La comunidad fue el corazón de Fe y Alegría, y en esa organización popular, Vélaz vio —mucho antes que otros— la potencia transformadora de las mujeres. Fueron madres, vecinas y profesoras las que sostuvieron la escuela desde el primer día, en barrios donde los hombres solían ausentarse y la pobreza tenía rostro de madre soltera o jefa de hogar. Vélaz lo escribió sin rodeos: “Hay que iniciar y animar a la mujer venezolana, que vale hoy mucho más que los hombres, porque el machismo facilón que la atropella con halagos y después la abandona, le ha dado en su adultez de lucha, mucho más vigor e iniciativa que a sus atropelladores”.
No fue una consigna, sino una constatación práctica: sin el empuje de esas mujeres, la educación popular no habría sido posible. Es así como para 1960, Fe y Alegría ya reunía a seis mil estudiantes solo en Caracas y expandía su propuesta a Maracaibo y Valencia. Vélaz dejó la vida universitaria y se entregó por completo a este movimiento, que en 1964 cruzó fronteras hacia Ecuador, luego Panamá, Perú, Bolivia, Chile, hasta convertirse en una red continental que, décadas después, llegaría también a África, Europa y Asia.
En 1971, tras años de presión, consiguió que el Estado venezolano reconociera y financiara a los profesores de Fe y Alegría. No se trataba de favores, sino de derechos. Fue también innovador en lo pedagógico: promovió la “Pedagogía de la alegría”, defendió la creatividad, la exigencia y la comunidad como motores del aprendizaje. “Nuestra alegría debe ser el fruto y la joya de nuestra fe”, escribió en uno de sus textos más citados.
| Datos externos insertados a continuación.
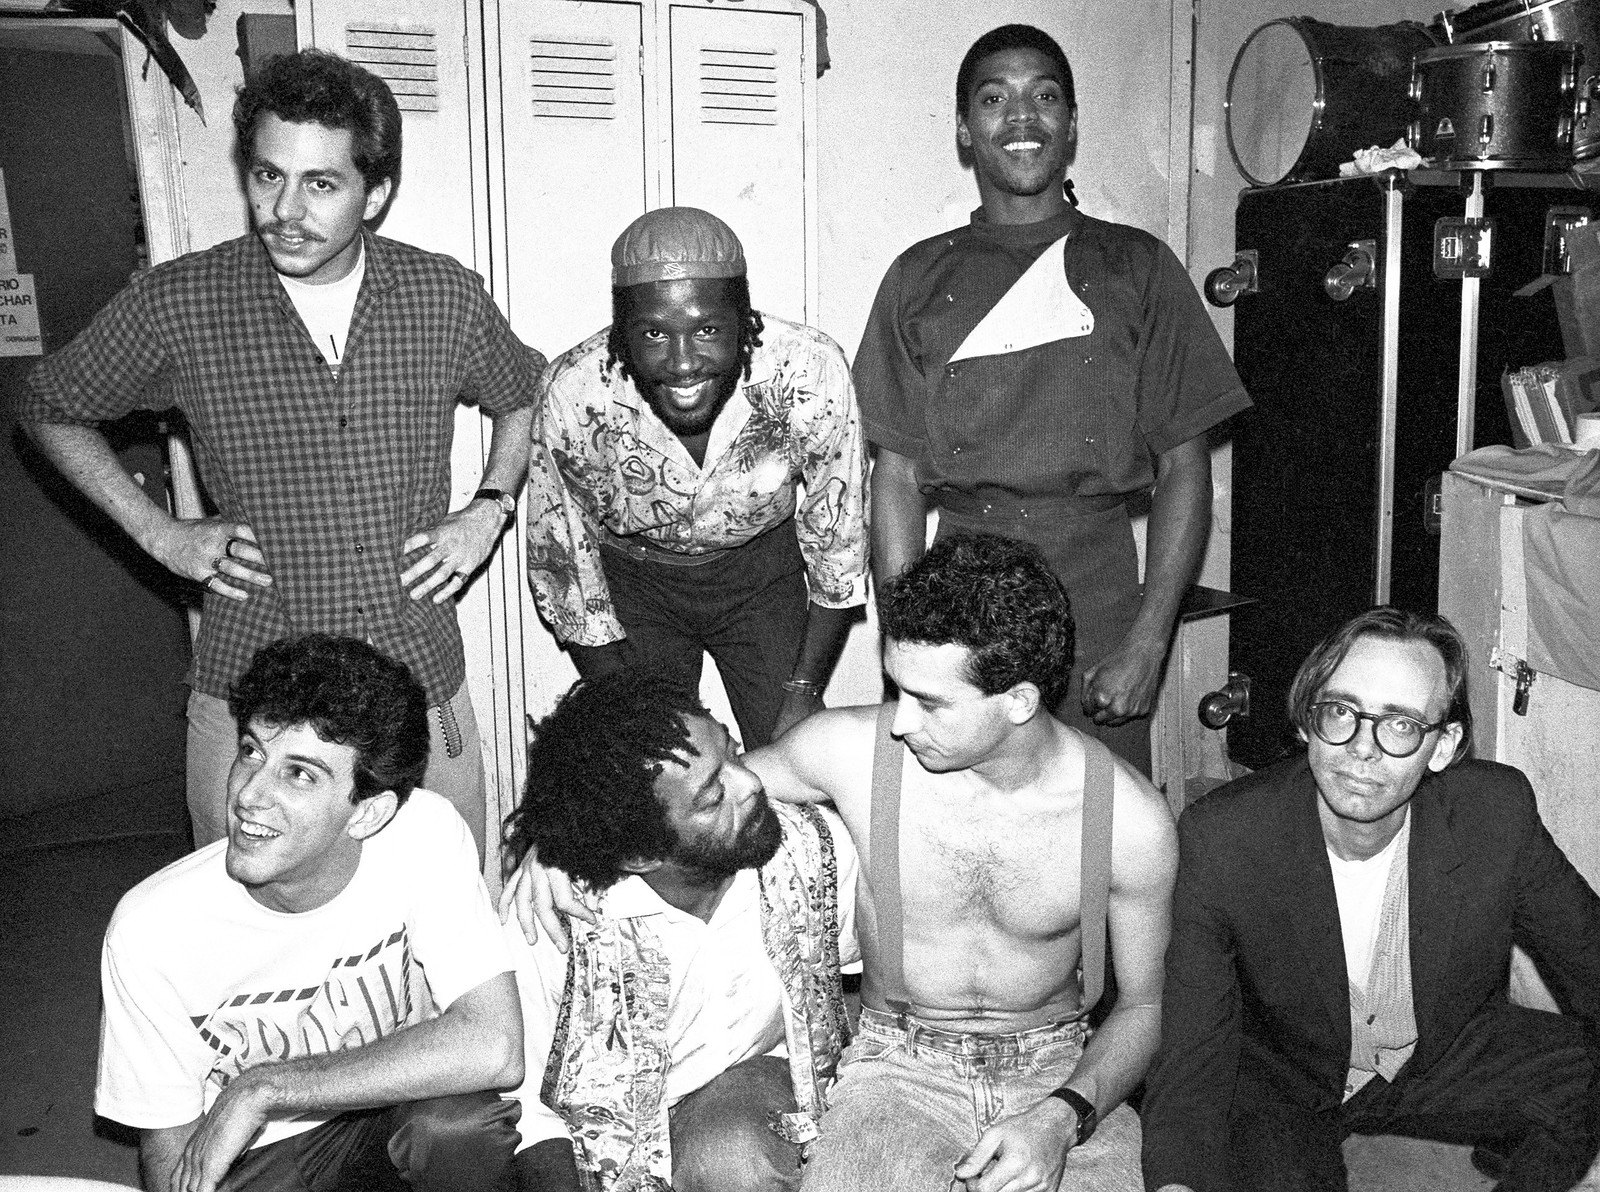 Os Paralamas do Sucesso em 1986, em Nova York, na boate Sounds of Brazil, com David Rudder, Femi Kuti, Naná Vasconcelos e Arto Lindsay — Foto: Divulgação/Maurício Valladares

Ni siquiera una operación al corazón en Houston, en 1974, lo hizo bajar el ritmo. Siguió trabajando en Mérida, desarrollando proyectos agroforestales y preparando escuelas para comunidades indígenas en la Gran Sabana. José María Vélaz murió el 18 de julio de 1985, en Barinas, en plena actividad, sin haber perdido nunca la capacidad de incomodar a quienes confundían educación con asistencialismo.
Una causa que hoy está presente en más de veinte países y ha abierto las puertas de la educación a más de un millón y medio de estudiantes que, de otro modo, habrían quedado excluidos. Porque la pregunta que Vélaz dejó en el aire sigue golpeando: ¿Por qué siempre son los mismos los que quedan fuera?